Multitasking the Right Way: How You Can Make the Most of Your Time
What is background tasking?
It allows you to focus on completing one task that requires your attention while also doing another task that does not need you to be consciously present. Examples of successful background tasking include:
- Reading a book while on a stationary bike
- Folding laundry while watching television
- Listening to music, a podcast, or the news while doing dishes
- Exercising while on a business call or on hold with an insurance company
- Working on your laptop while your child is receiving physical therapy
When you try to multitask all day, it causes your body to continue to pump adrenaline which builds up stress which is tied into 80% of current medical expenditures.
To improve your ability to multitask efficiently, try these simple steps:
List and Prioritize – write down everything you have to do and put them in order from the most important task to the least important. Also, assign an estimated time of completion to each task. Try to knock out a few short tasks before tackling one long one. You will feel a sense of accomplishment, and your to-do list will be shorter. You can do this on the form we provided in the box.
For example – if you have 4 tasks that must be completed by 5 pm, and 1 will take 3 hours, while the other 3 will each take 1 hour, do the 3 shorter tasks before lunch, take your break to reset your brain and contemplate the larger task at hand. Large tasks can be broken into smaller chunks. When making your list of priorities, find places for these pieces.

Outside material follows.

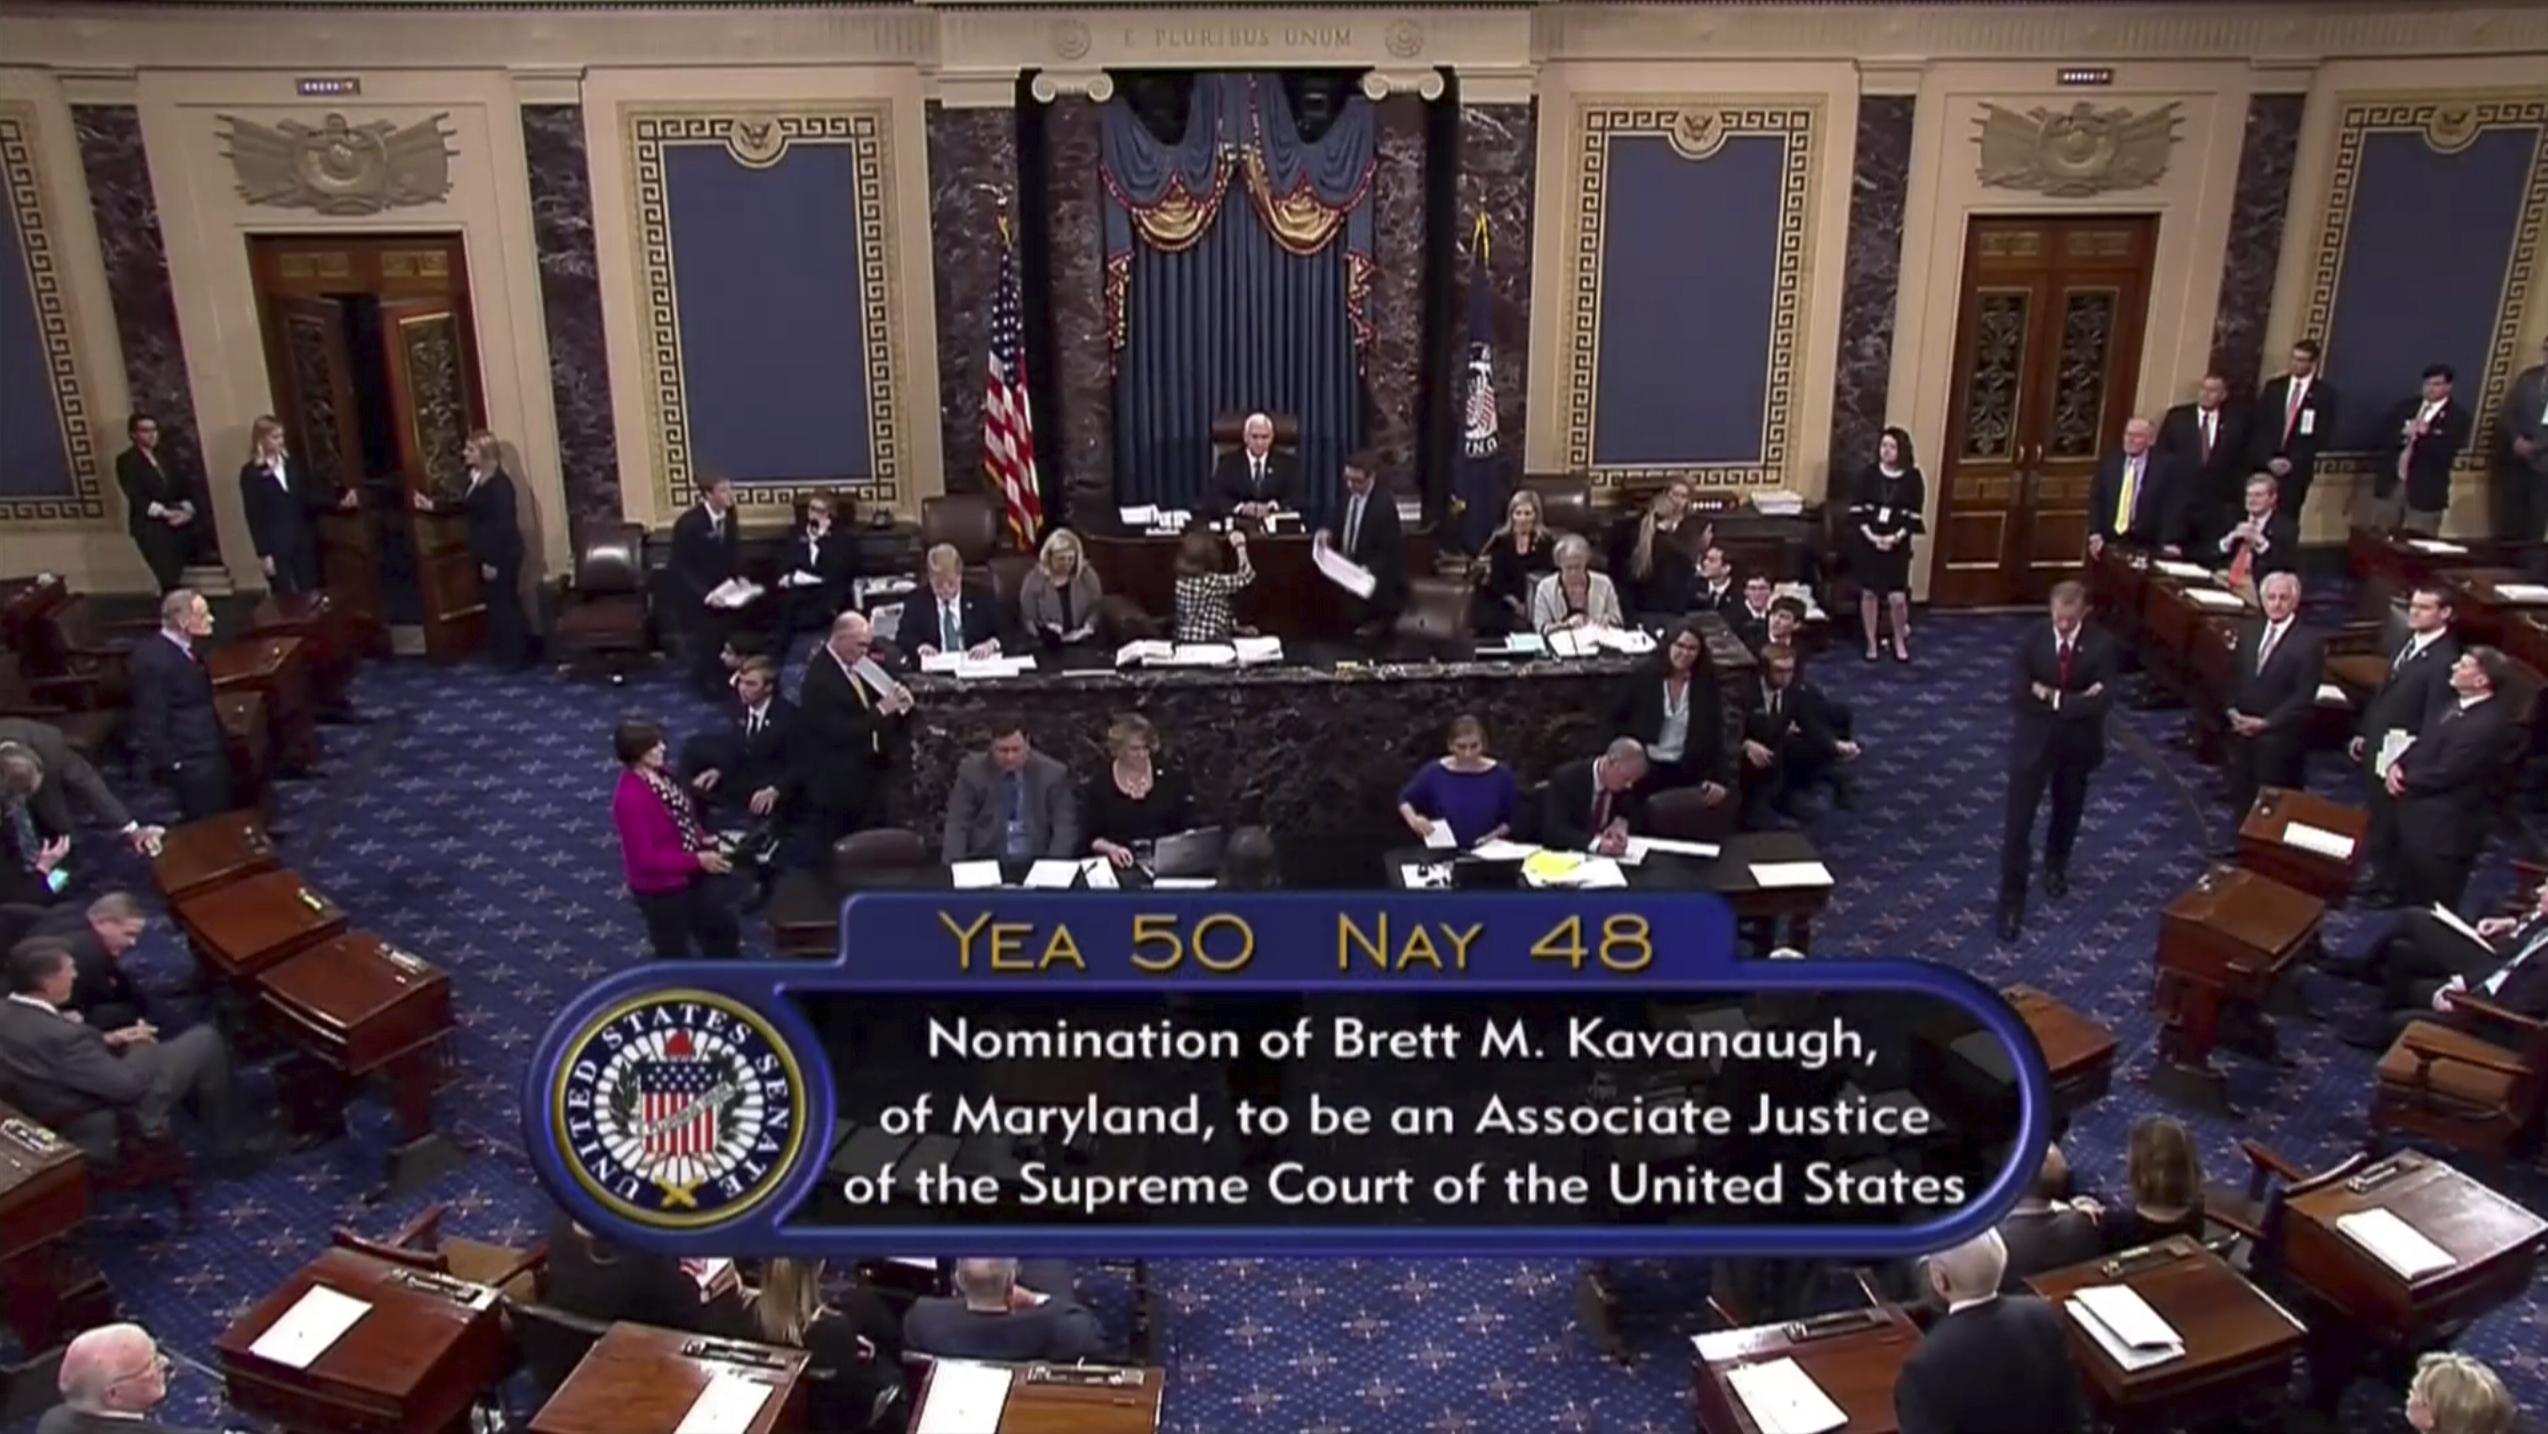 Supreme_Court_Kavanaugh_13628-159532.jpg16422248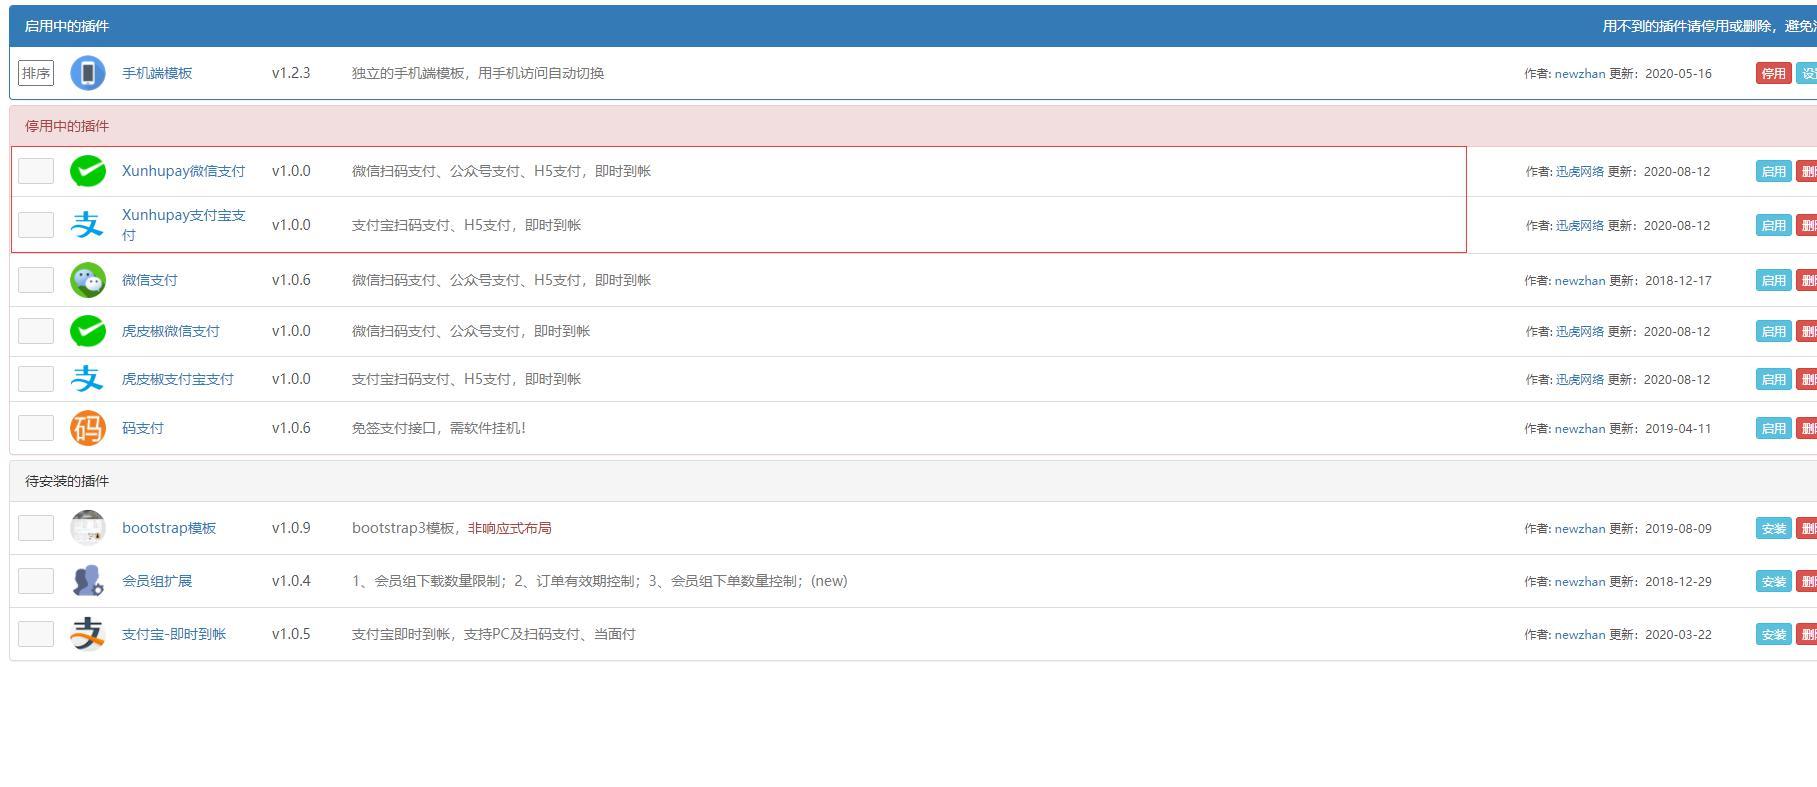 NZCMS 源码下载系统使用微信H5支付教程

Schedule Your Time Wisely – Know what time of day you are most productive and schedule the hardest tasks that require the most concentration for that time. If you are not sure when you are most productive, you can monitor your efficiency over a few days. Be cognizant of when you are the most aware and energized. That is when to schedule tasks that require extra focus.
Do the Worst Task First – Putting off what you do not want to deal with only weighs you down. The sooner you complete it, the better you will feel.
Focus on the Task at Hand – Give full attention to one task at a time. Once it is complete, you can move on to the next item on your list.
Research effectively. If you have multiple projects that require internet research, do it all at once whenever possible. If you need to look up facts, supplies, purchases, or information, keep a notebook handy with a separate page for each task. Write down on each page the things you need to search and do them all at once. This way, when you begin your tasks you will already have everything you need.
Take occasional Short Breaks – You cannot continue to go full steam all day. Better functioning follows brief breaks such as taking a short walk, stretching, closing your eyes for a few minutes and meditating. Only five minutes is necessary to recharge your batteries.
Always take a break in between tasks, even if it is just for a moment or two and clear your head of the previous task. Think about what you are going to accomplish next and make a mental record of the steps you will take to tackle this.
Minimize interruptions – frequent interruptions cause you to lose focus. To avoid falling behind on your task, do not answer the phone or check emails until you are done. Close your door and try not to allow interruptions whenever possible during a task. Ask others to hold off unless something is pressing or move to a private place to take care of what needs to be done. Remember – every interruption sets you back because you have to refocus.
Delegate When Possible – Is there someone else who can accomplish any of the items on your list? This step is also about letting go. You do not have to do it all yourself, and it does not always have to look the same as when you do it. So what if your husband folded the sheets or towels wrong? In the grand scheme of life, does it really matter?
Finish one Thing Before Moving on – Whenever possible, complete an item before turning your focus elsewhere. If you must deal with an interruption, make some notes about where you left off and what you were going to do next. That will make it easier to pick back up and complete the project.
Schedule email Checks – You do not have to read and answer every email right when it arrives. Unless it is an urgent email that requires your attention, leave it until later. AT THE VERY MOST CHECK IT ONCE AN HOUR unless you are waiting for an urgent email. Even checking emails once an hour can lead to a loss of 30 to 40 minutes of productivity in a day.
Another common email slow-down is leaving read emails in your inbox. Organize them into reference folders, a to-do list, or your calendar. Act the first time you read the email so that you do not lose time and productivity reading it again.
Close Your Facebook Tab – Social media is a dangerous habit that can eat away at a large portion of your day.
Take Your Time – Rushing through a task can lead to mistakes. Slow down and concentrate on getting it done right the first time. Having to redo a task because of mistakes doubles the amount of time you spent on that task.